Adam Smith's Theory of Probability and the Roles of Risk and Uncertainty in Economic Decision Making
International Journal of Applied Economics and Econometrics, Volume 23, No.1 (Jan.-Mar.), 2015
23 Pages Posted: 30 Jun 2013 Last revised: 27 Jan 2015
Date Written: June 30, 2013
Adam Smith rejected the use of the mathematical laws of the calculus of probabilities because the basic information-data-knowledge provided in the real world of decision making did not allow a decision maker to specify precise, definite, exact, numerical probabilities or discover the probability distributions. This means that Smith rejected the classical interpretation of probability of La Place and the Bernoulli brothers, the limiting frequency-relative frequency interpretation of probability, and the personalist, subjectivist, psychological Bayesian approach used by all neoclassical schools of thought because all of these approaches to probability claim that ALL probabilities can be represented by a single numeral between 0 and 1 and the decision maker knows the probability distributions. Smith, like Keynes, rejects this immediately.
Thus, Smith’s inductive or logical concept of probability, like Keynes’s, only approaches mathematical probability in the limit. Adam Smith recognized that economic decision makers were confronted with knowledge structures that were not sharp and clear, but cloudy and amorphous.
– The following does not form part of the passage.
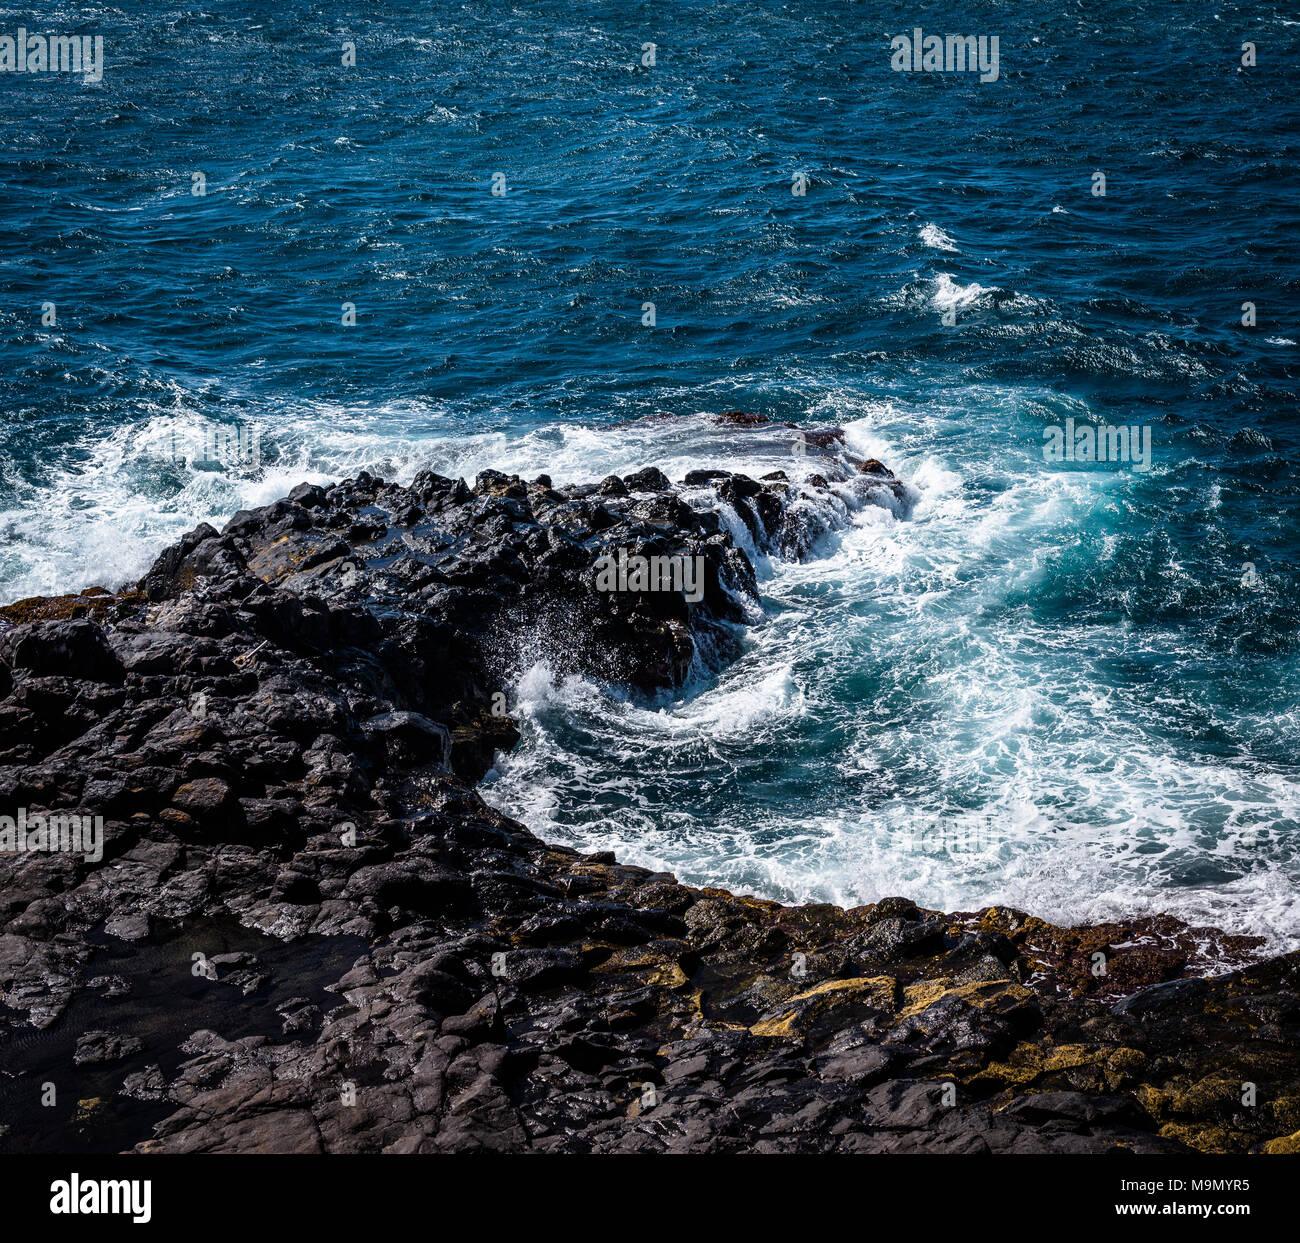 Coastal rocks and waves on Tenerife, Canary Island, Spain. - Stock Image
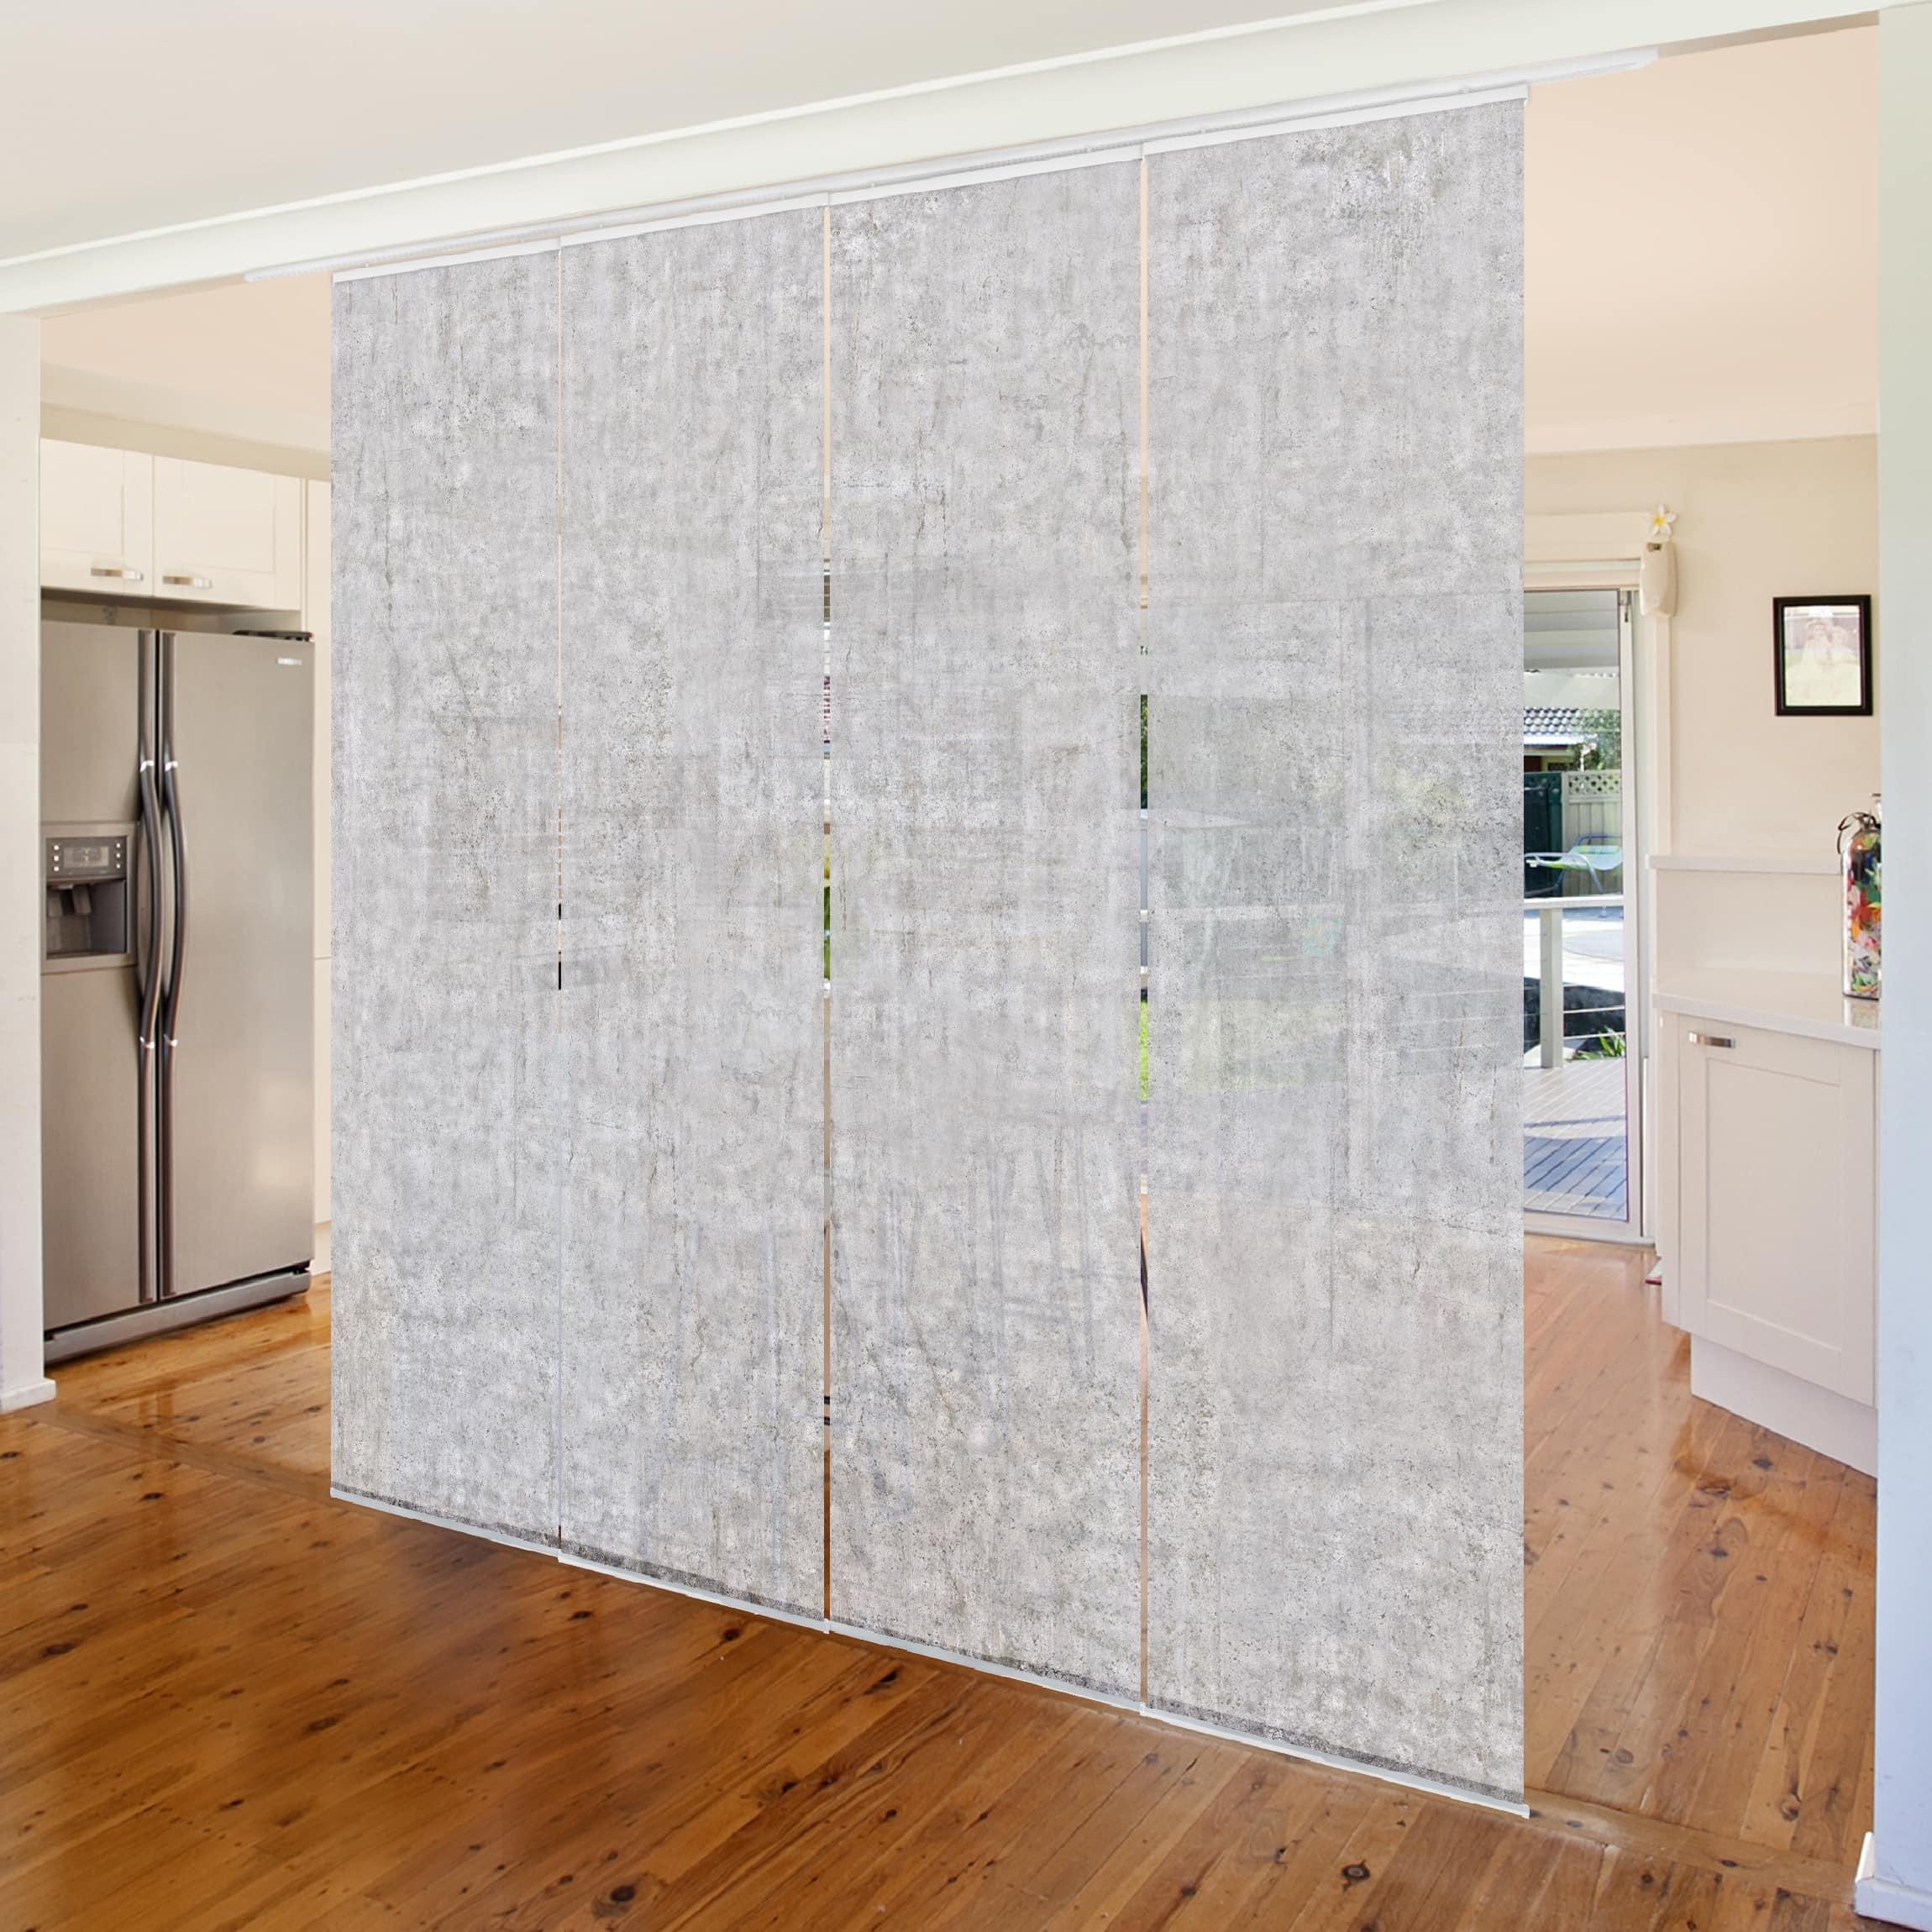 schiebegardinen set beton cir tapete 4 fl chenvorh nge. Black Bedroom Furniture Sets. Home Design Ideas

However, decision makers were still able to use the concept of probability in the weaker, interval sense of the concept of probability that was first thought to have been advocated by George Boole and later, with much greater force, by John Maynard Keynes in his two Fellowship dissertations, submitted in 1907 and 1908, respectively, and his A Treatise on Probability (1921). Instead of sharp, definite, determinate, calculated, and exact probabilistic estimates or distributions, inexact, indefinite, indeterminate, and imprecise estimates of probabilities could be derived and used so that decision makers were able to make choices among different possible options that concerned the future in a rational fashion.
An important conclusion of this paper is that it was Adam Smith who first explicitly recognized that the mathematical concept of probability is not applicable, in general, in real world decision making. Smith also rejects the normative and prescriptive roles of mathematical probability in decision making.
Adam Smith applied his approach to probability and uncertainty by analyzing the economic decisions made by human beings in choosing a particular profession and organizing various insurance markets to cover the risk of loss. Smith’s risk is however, not the standard deviation of the Normal probability distribution used by "Modern" economists, since important data/information/knowledge is missing and not available to the decision maker at the point in time that he is required to make a decision.